Réponse de le 10/03/2019 à 23:18 :
"Bruxelles va certainement demander à la France de respecter ses engagements de limitation de la dette et du déficit"... ce qui à terme ne peut être que salutaire pour notre pays. Je ne vois pas ce qu'apporte une trajectoire budgétaire et de dette qui revient à peu près à foncer vers le mur en klaxonnant dans l'espoir qu'il recule.
Réponse de le 11/03/2019 à 9:24 :
Et partage de fardeau européen, il faut bien remplacer la part des anglais qui s' en vont, pour le contributeur et que nous sommes, il ne s' agit rien de moins qu'e de se voir taxer d' une ardoise supplémentaire de 30 % pour continuer d'abonder au tonneau des Danaïdes UE ..

Alors que l' UE post maastrichienne ne produit que du déficit ..

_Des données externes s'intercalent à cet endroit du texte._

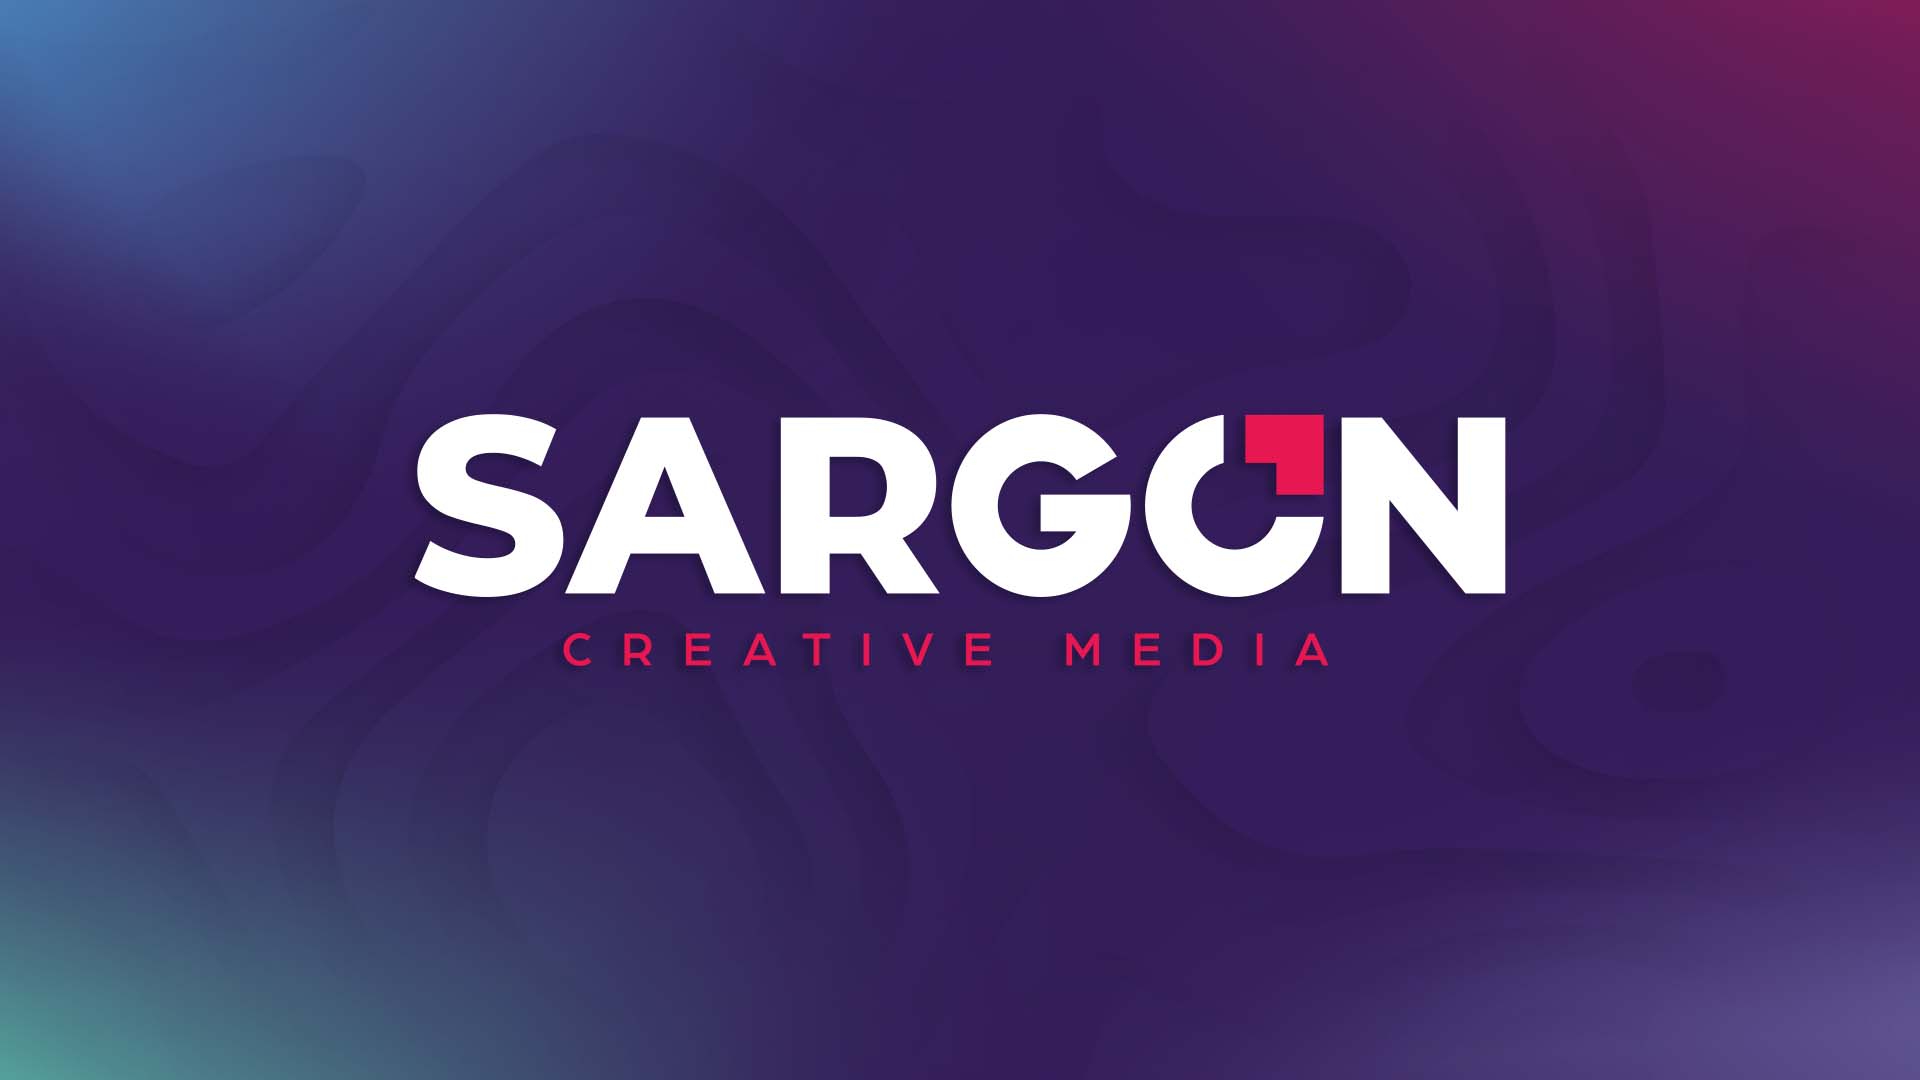 (c) Sargon.media

https://www.latribune.fr/opinions/tribunes/croissance-depuis-2009-chine-139-inde-96-etats-unis-34-europe-2-809418.html
Réponse de le 11/03/2019 à 9:49 :
Vous confondez tout, mélangez tout.
Que la France soit dans la zone Euro ou pas, il reste qu'il vaut mieux ne pas s'endetter excessivement, c'est de la bonne gestion. La BCE a fait un deal avec les états, taux bas qui permettent de limiter la charge de la dette mais respect d'un cadre budgétaire. Si le déficit explose, les taux explosent et on perd 2 fois. TOut cela n'a aucun rapport avec le Brexit, UK était en dehors de la zone Euro.

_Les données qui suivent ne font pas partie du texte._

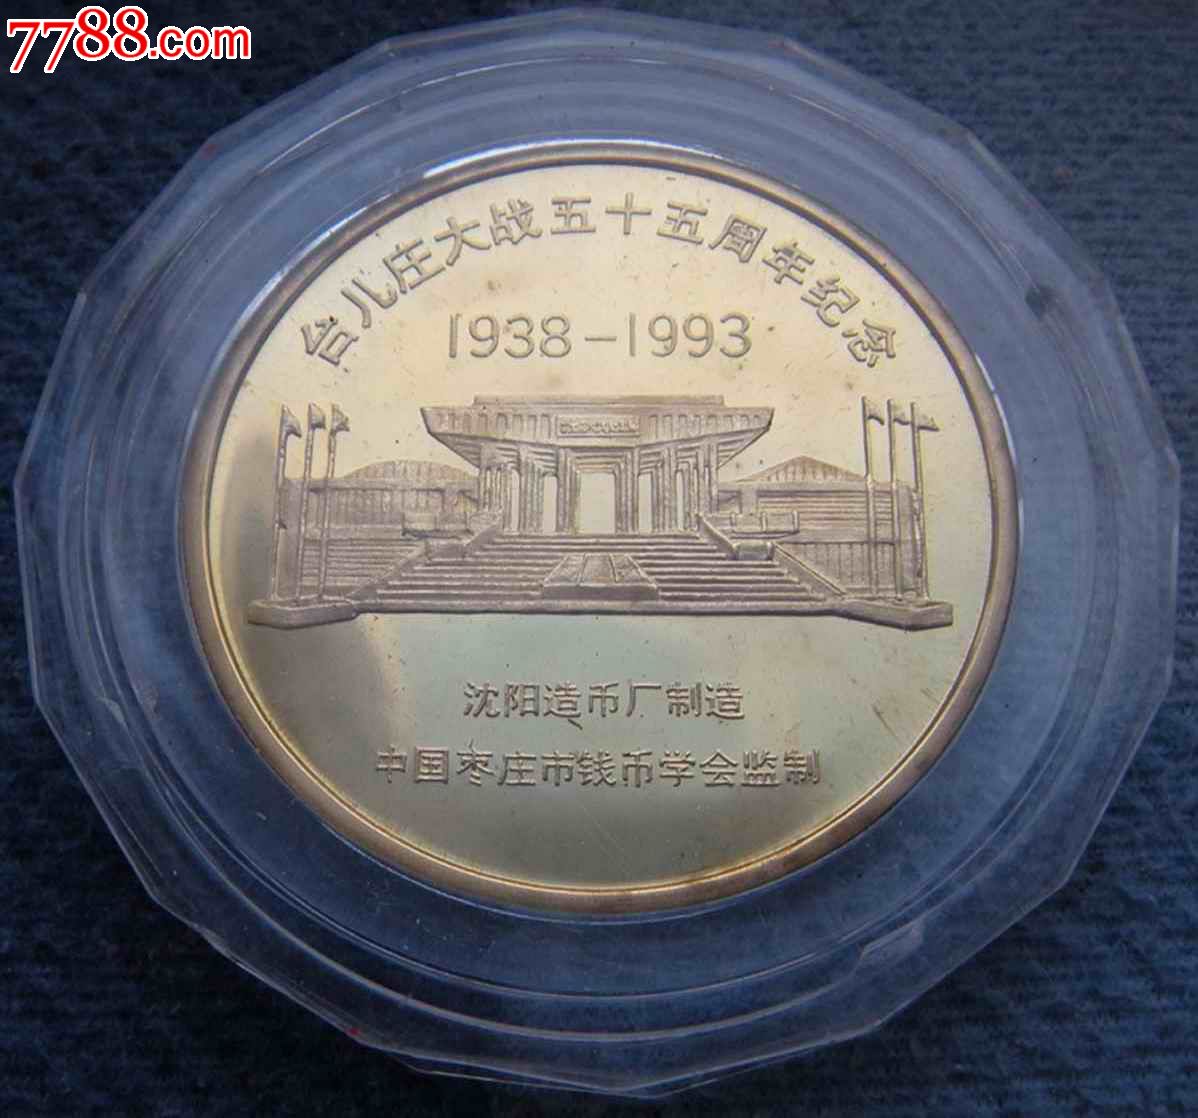 台儿庄大战55周年纪念章沈阳造币厂

Réponse de le 11/03/2019 à 10:47 :
"Si le déficit explose, les taux explosent et on perd 2 fois. " Comme l'a montré l'exemple grec. Franchement, ce qui a été lâché pour éteindre l'incendie des Gilets Jaunes (à part l'arrêt de la hausse démentielle de la taxation des carburants et du gaz, cause immédiate du mouvement qui était parfaitement légitime, contrairement aux autres revendications que les populistes d'extrême-gauche et d'extrême-droite sont parvenus à greffer dessus comme l'improbable RIC CARL)
a écrit le 10/03/2019 à 14:02 :
N'oubliez jamais Mers-el-Kébir. Savez vous que les brits aimaient à dire que le soleil ne se couchait jamais sur l'empire ? Mais c'est juste parce que Dieu lui-même n'aurait jamais fait confiance à un anglais dans l'obscurité.

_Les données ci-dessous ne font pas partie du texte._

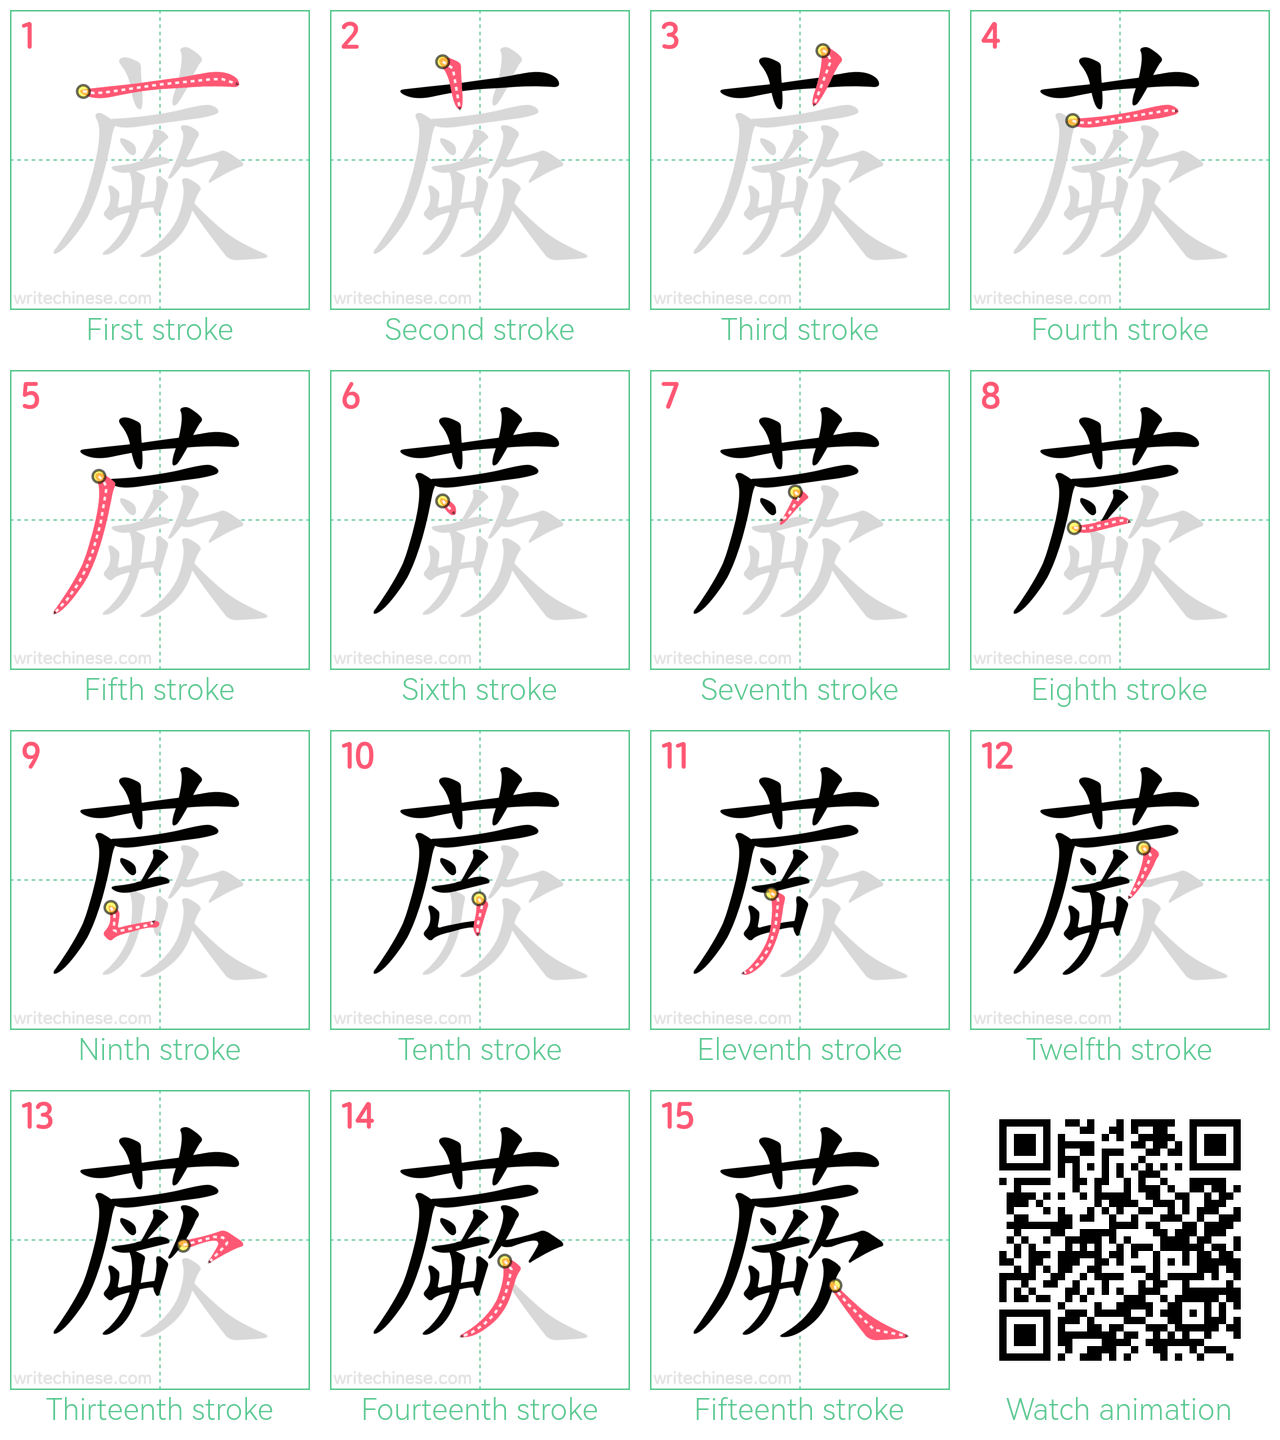 蕨 step-by-step stroke order diagrams

Réponse de le 11/03/2019 à 9:51 :
??? Vous lisez le présent suite à un évènement militaire d'il y à 75 ans ??? Rapport ?
a écrit le 10/03/2019 à 8:48 :
Theresa vient faire la "manche "
a écrit le 10/03/2019 à 8:47 :
Tirez les premiers messieurs les Anglais !!!!!!
a écrit le 09/03/2019 à 19:22 :
Chapeau Mme May pour votre courage d'avoir accepté une mission...impossible.
Ce n'est pas un commentaire sur le brexit, mais sur la force, le courage et la ténacité d'une femme alors que certains initiateurs du brexit, parfois virulents , sont devenus discrets et parfois invisibles.
Mais quel gâchis au moment où il faut être faut être fort devant les grand états du monde que sont les USA, la Chine et la Russie.
Réponse de le 09/03/2019 à 20:21 :
Ceux que vous qualifiez de discrets étaient-ils missionnés par ce gouvernement pour conduire le Brexit...? Non, alors, révisez d' urgenc ! Avez-vous constaté que l' UE se ligote toute seule de par ses divergences d' intérêts et d' opinions politiques et idéologiques face à ces états du monde que vous évoquez et qu' en conséquence, on y rentre comme dans du beurre ?
Réponse de le 10/03/2019 à 8:14 :
la mentalité des anglais (.....nous d'abord ! )est beaucoup plus proche de celle des américains que de celle des européens !
Que venaient-ils faire dans cette galère ? : la proximité géographique ne justifie pas tout !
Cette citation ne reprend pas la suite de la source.